Just curious on what everyone thinks about Tasco Scopes. I have always had a phobia about spending more on a scope than the rifle it goes on. I have several Tasco Varmint scopes that I have absolutely no complaints about. I know they are not for everybody but I have used them to kill a lot of predators and whitetail deer over the years. I have other brands such as Bushnell, Weaver Micro-trac and even 1 Leupold. For me, Tascos do just as good a job as these and leaves money left over for other toys. How bout you?


----------



## Makwa (Feb 28, 2010)

I don't like them at all. I am sure they are fine on varmint rifles etc., but I have seen them fail so many times in the bush it is incredible. Even on rifles chambered in mild cartridges like the .30-06 I have seen them crater. A friend went through one every year for 3 or 4 years straight on his 7mm Rem. Mag. before he changed brands. Oh sure they replaced it every time on their warranty but that is not much of a consolation when it craps out on the second day of your moose hunt about 600 miles from the store you bought it in.

In the last decade I have probably had to jerk a scope off of one of my rifles a half dozen times and mount it on the rifle of a hunter I was guiding because his Tasco packed it in during his hunt.


----------



## Turbo (Feb 28, 2010)

I know it sounds cliche but you get what you pay for. if you buy a more expensive scope you will reap the benefits of better glass and coating for clarity in daylight and lowlight conditions. They are either nitrogen or argon filled tubes for better light transmission. They are waterproof and fogproof. Also, you will be buying a scope that is shock proof, so it wont crap out like Makwa explained earlier.  Overall, the more expensive optics will outlast any Tasco or lower end optics any day.


----------



## dude_clutch (Mar 2, 2010)

I put Tasco's w/high riserings on my truck gun. I know the gun is going to get beat around so I don't want to drop big bills on a scope for it. With the high rise rings I can use the iron sights if the scope craps out.


----------



## Furhunter (Jan 28, 2010)

Trashco?
I wont even touch one and if I do, I wash my hands before I come home and handle any of my rifles.


----------



## El Gato Loco (Jan 15, 2010)

I think it all comes down to personal experience. I know i have my mind made up about some brands that I haven't even used myself! Why? Because other people have talked poorly about them. I know that's not fair though.

If they work for you, then you've answered your own question. Keep on using them!

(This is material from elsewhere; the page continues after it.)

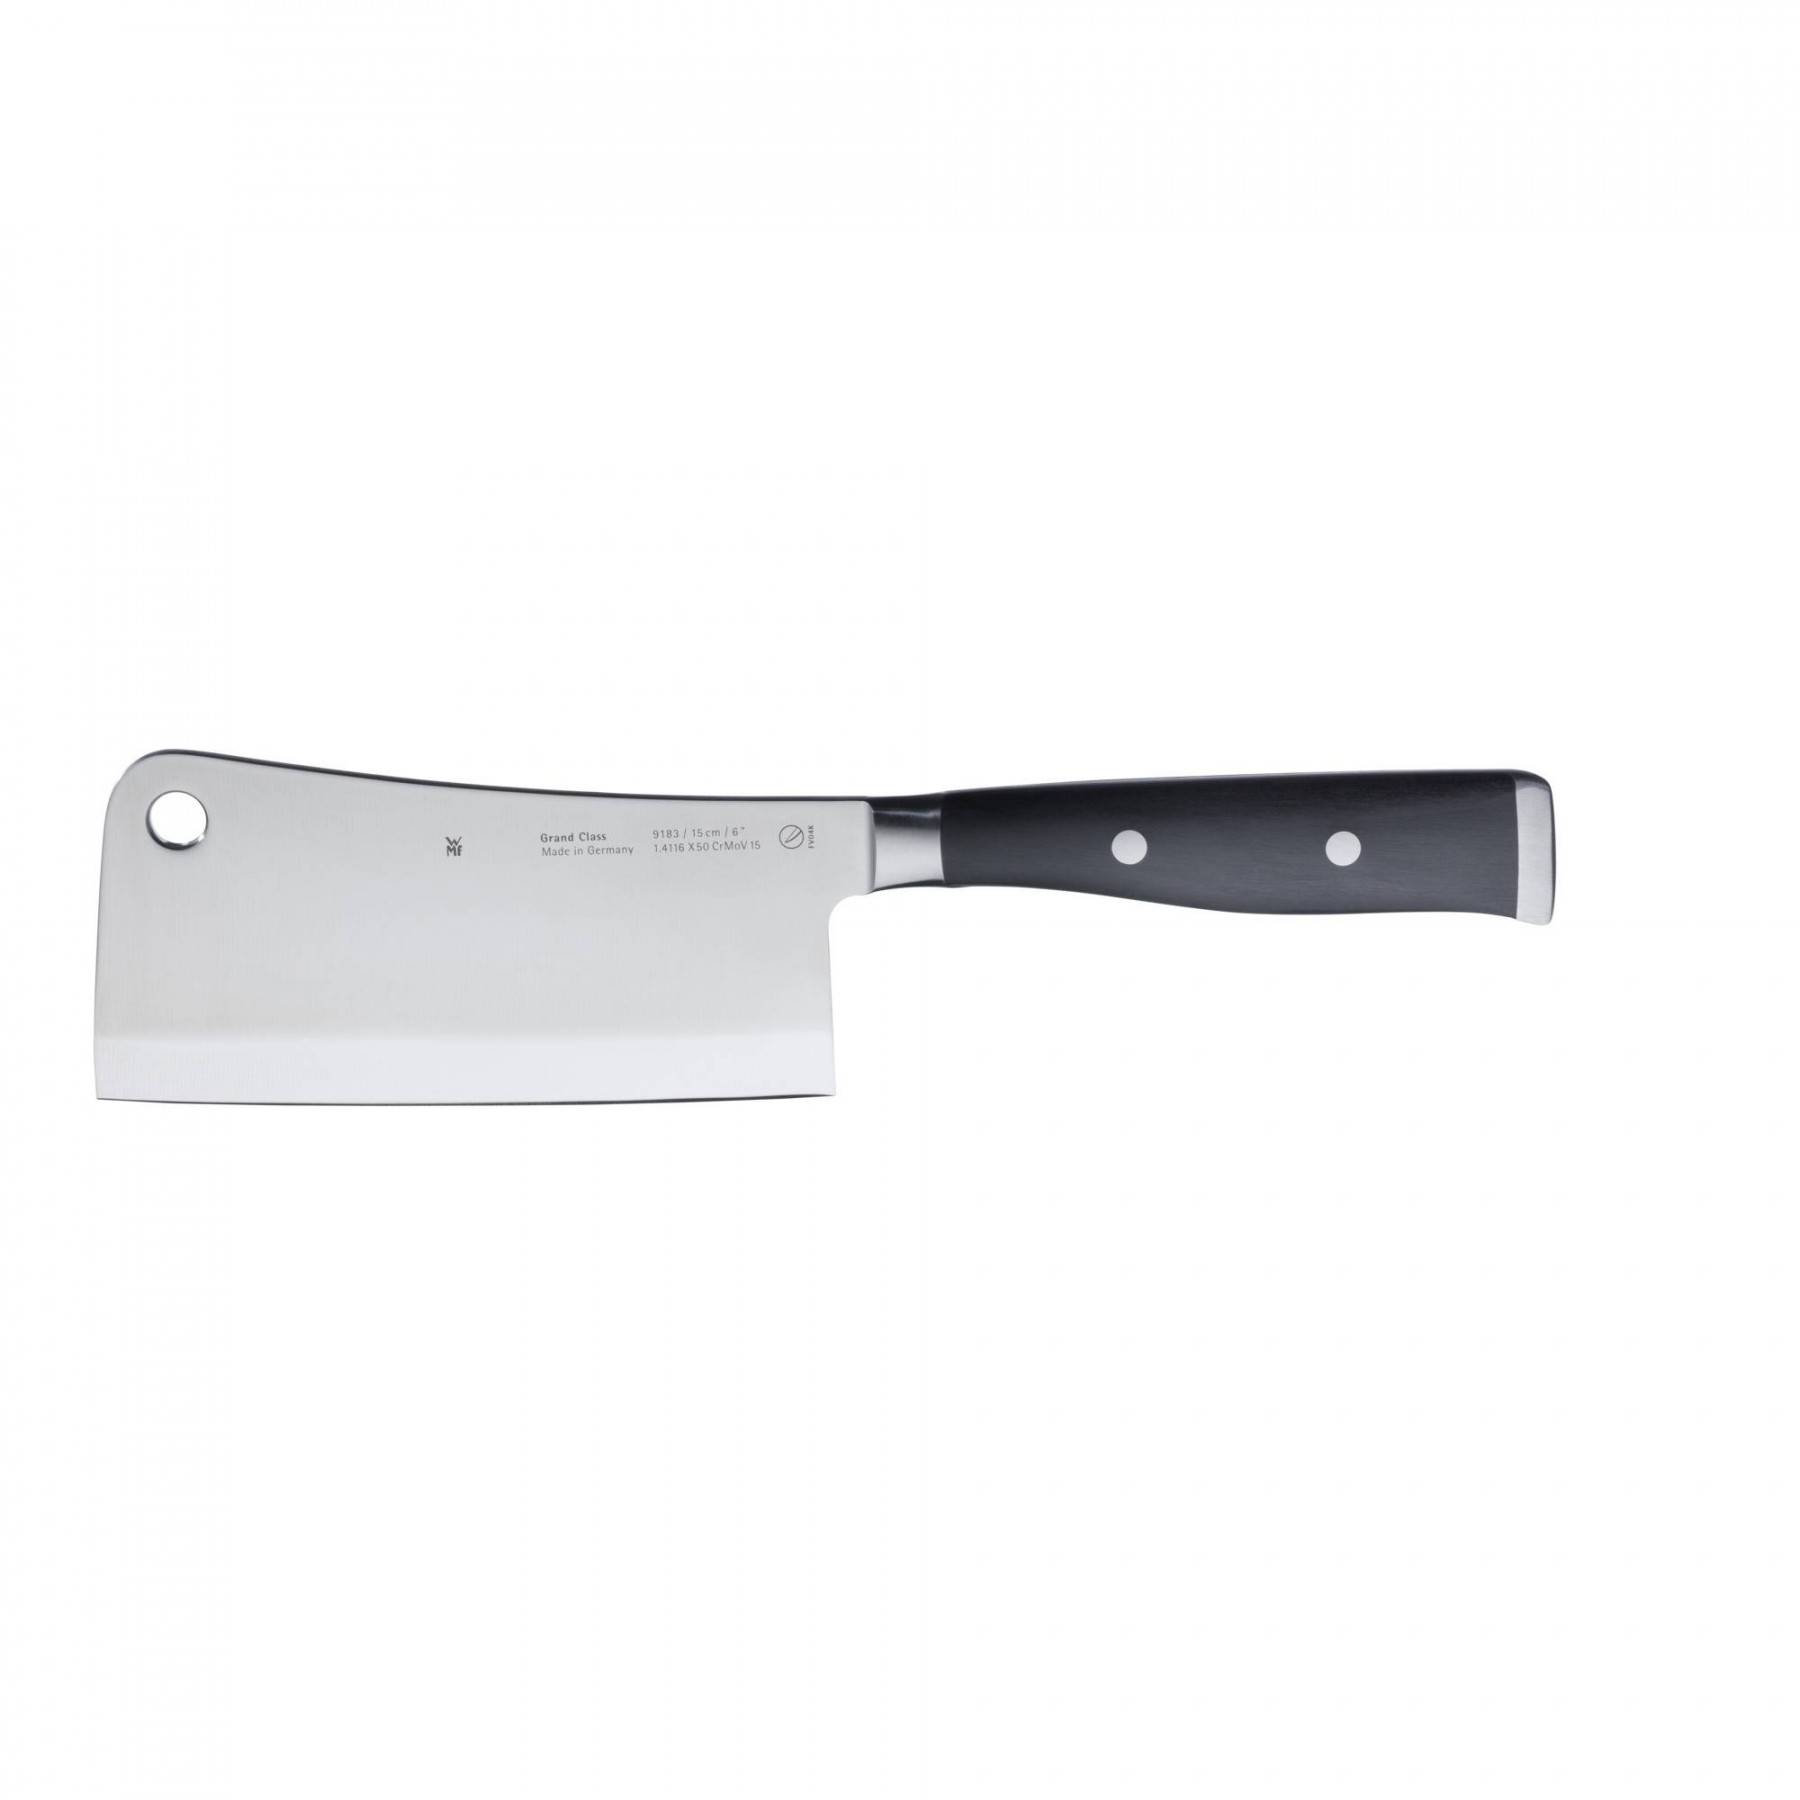 WMF Grand Class Поварской китайский нож, лезвие 15 см (1891836032) WMF - spb.v-b.ru

In manufacturing, you get varied results. It doesn't matter if you're making a $0.10 ink pen, or a $500 scope. Machines can, and will make mistakes. At the end of the day, the squeaky wheel gets the oil. You can bet that the guys who have had a problem with something speak louder than those who have had success with that same item.

Nikon is about as high on the scale as I have gone. I haven't put the money into a leupold, or a swarovski and I am not convinced that they could be any better than the nikons I currently run.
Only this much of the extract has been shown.